• [WHAT YOU WILL DO]
When you copy from the entries that follow, take only the lines from the one with "superiate-noruega-boat-shopping-2" down to the one with "Proman Products WM16565 Spine Book Shelf", keeping both ends and dropping every picture.

*** RECORD SET Section Begins ***

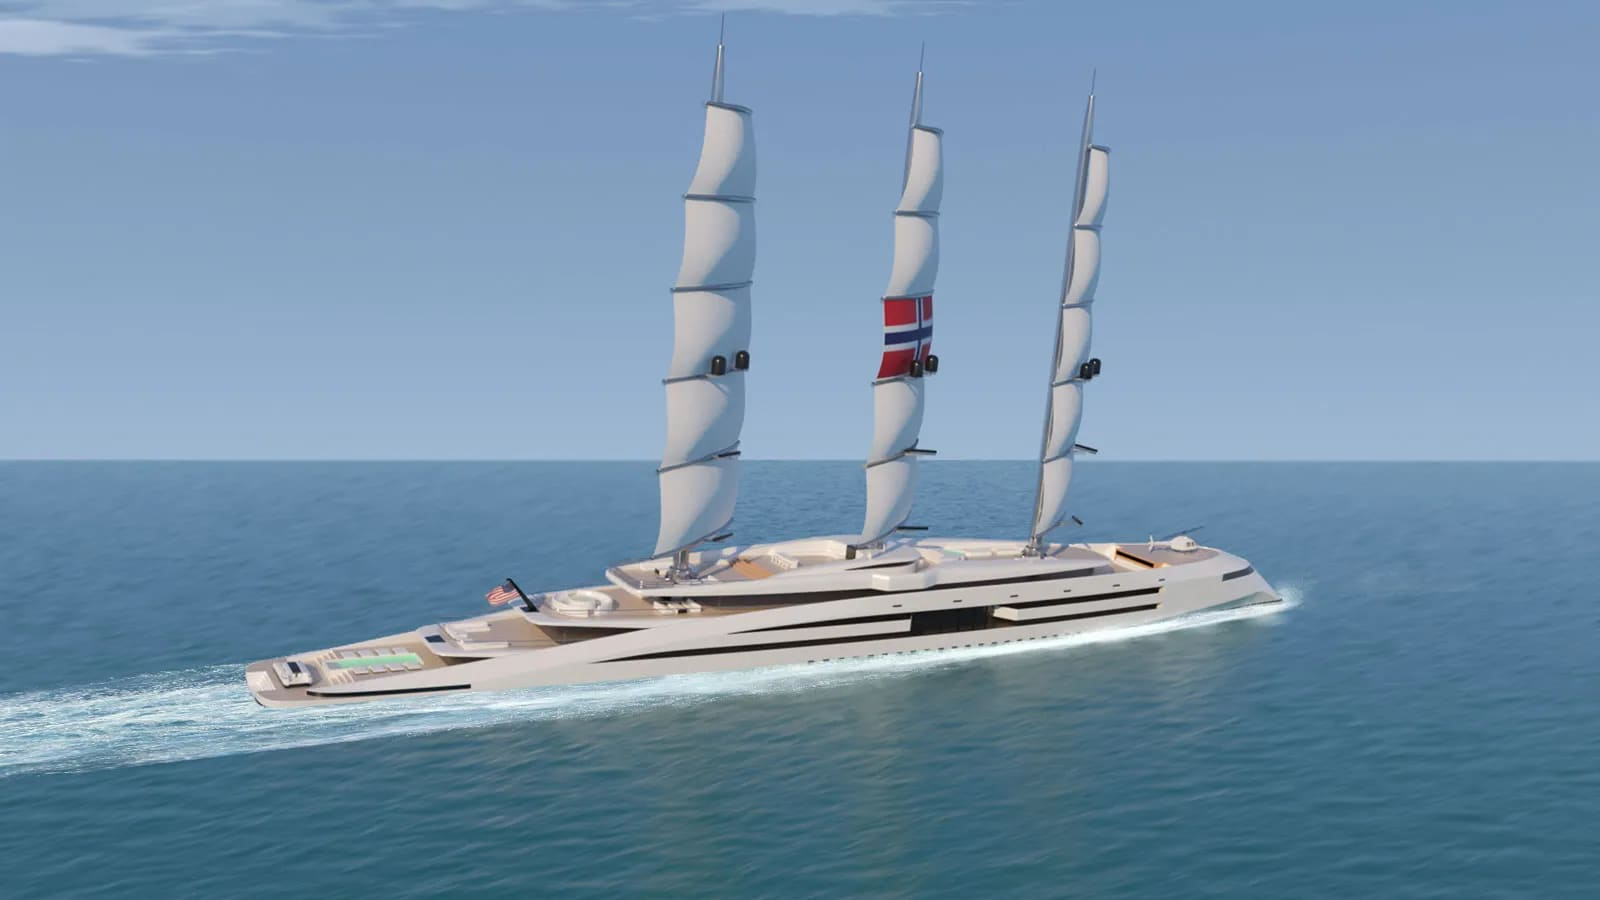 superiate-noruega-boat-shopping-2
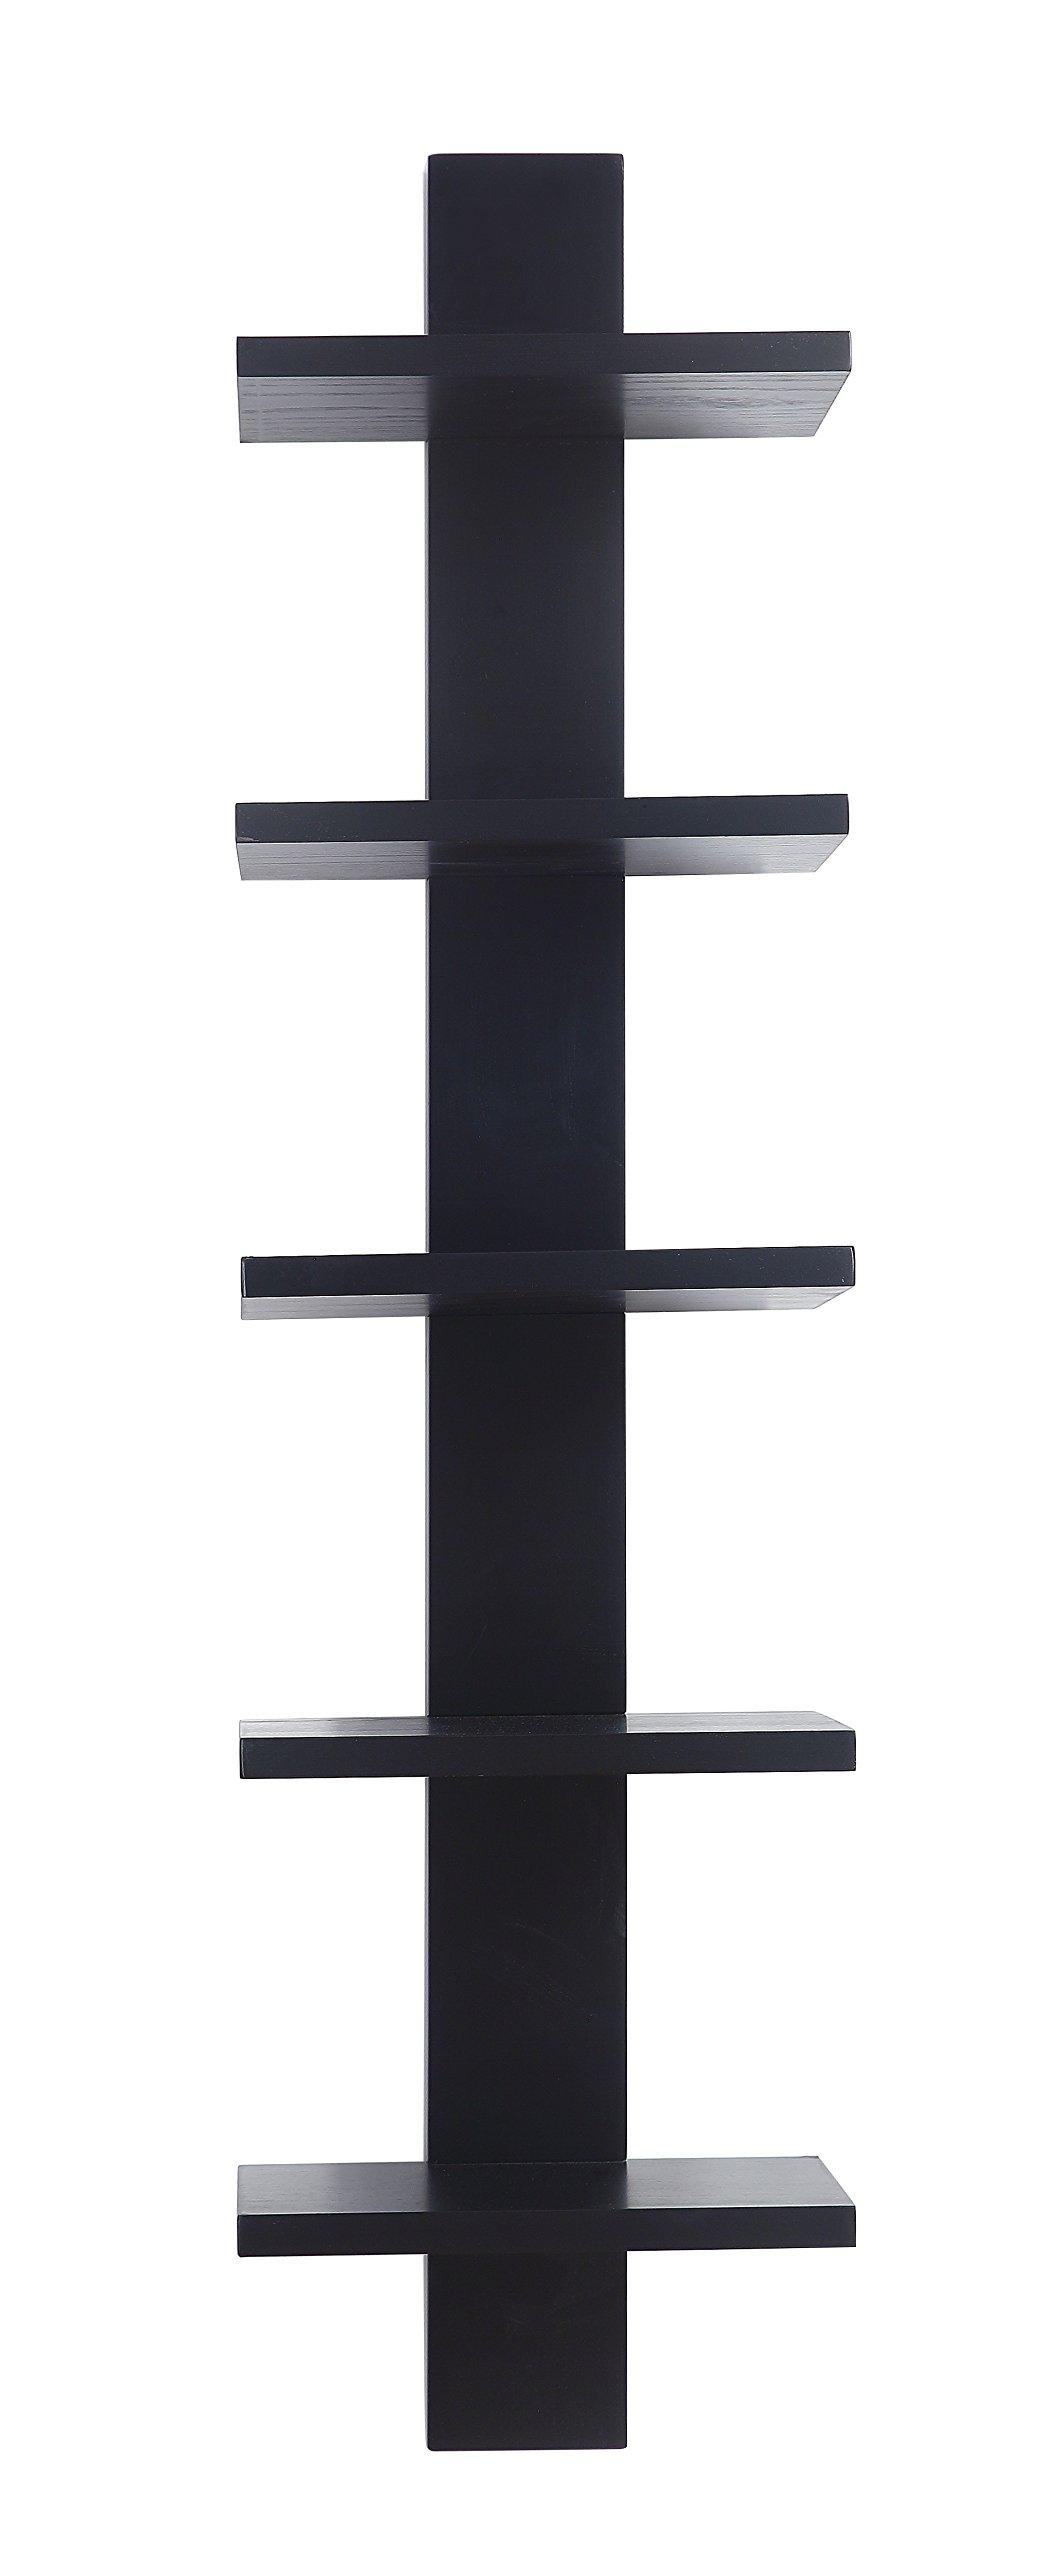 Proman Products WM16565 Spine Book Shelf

*** RECORD SET Section Ends ***
*** RECORD SET Section Begins ***

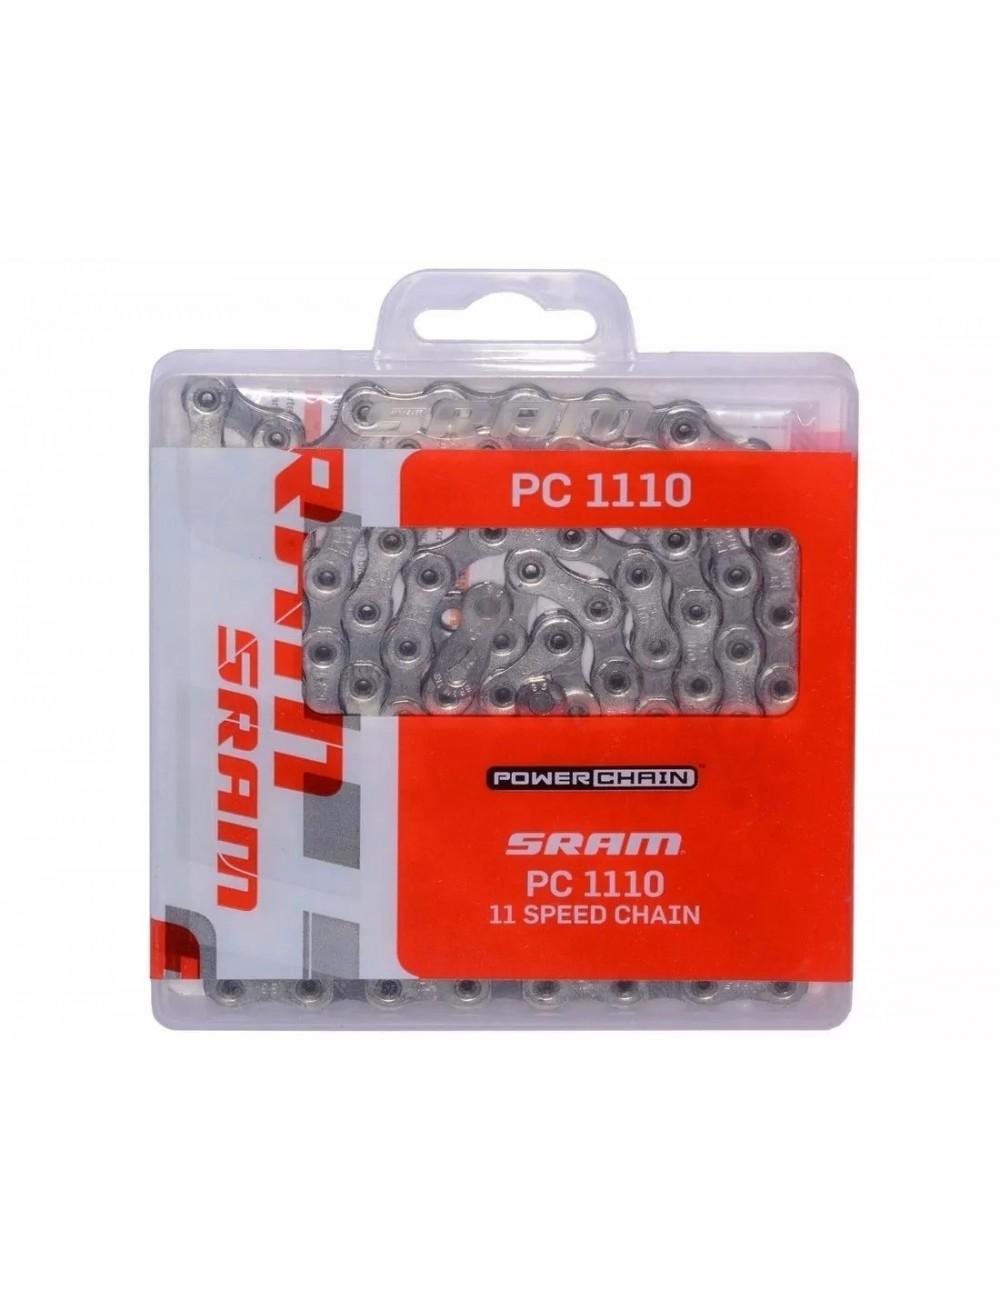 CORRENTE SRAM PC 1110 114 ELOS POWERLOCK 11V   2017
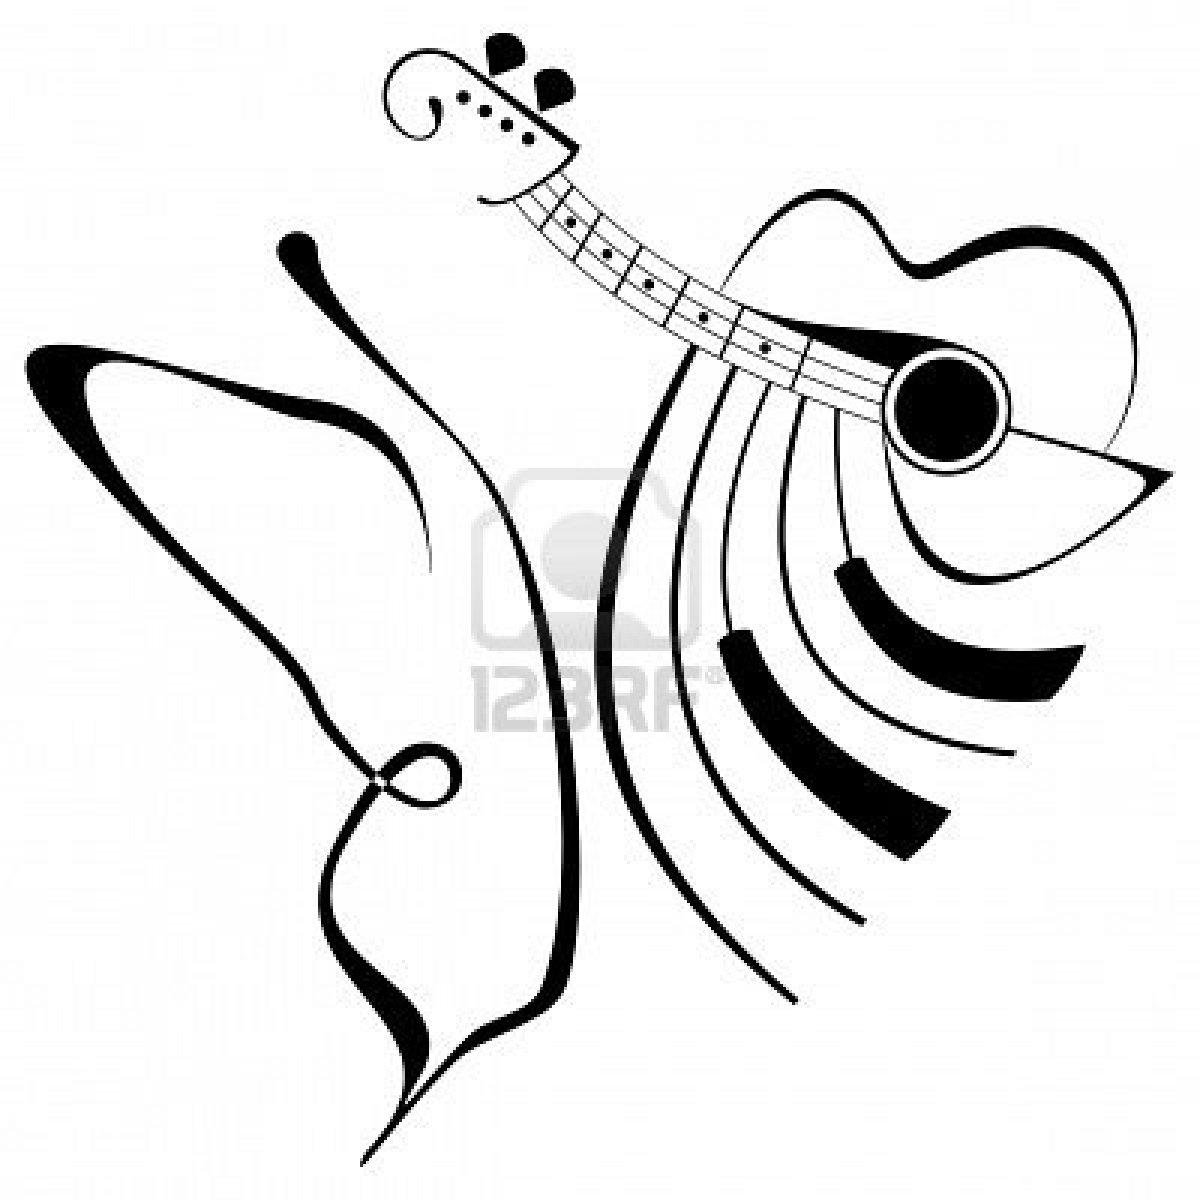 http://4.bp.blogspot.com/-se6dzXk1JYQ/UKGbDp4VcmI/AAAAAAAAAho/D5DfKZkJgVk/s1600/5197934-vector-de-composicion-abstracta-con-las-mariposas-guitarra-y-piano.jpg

*** RECORD SET Section Ends ***

• [ANSWER TO THE EXERCISE]
 superiate-noruega-boat-shopping-2
 Proman Products WM16565 Spine Book Shelf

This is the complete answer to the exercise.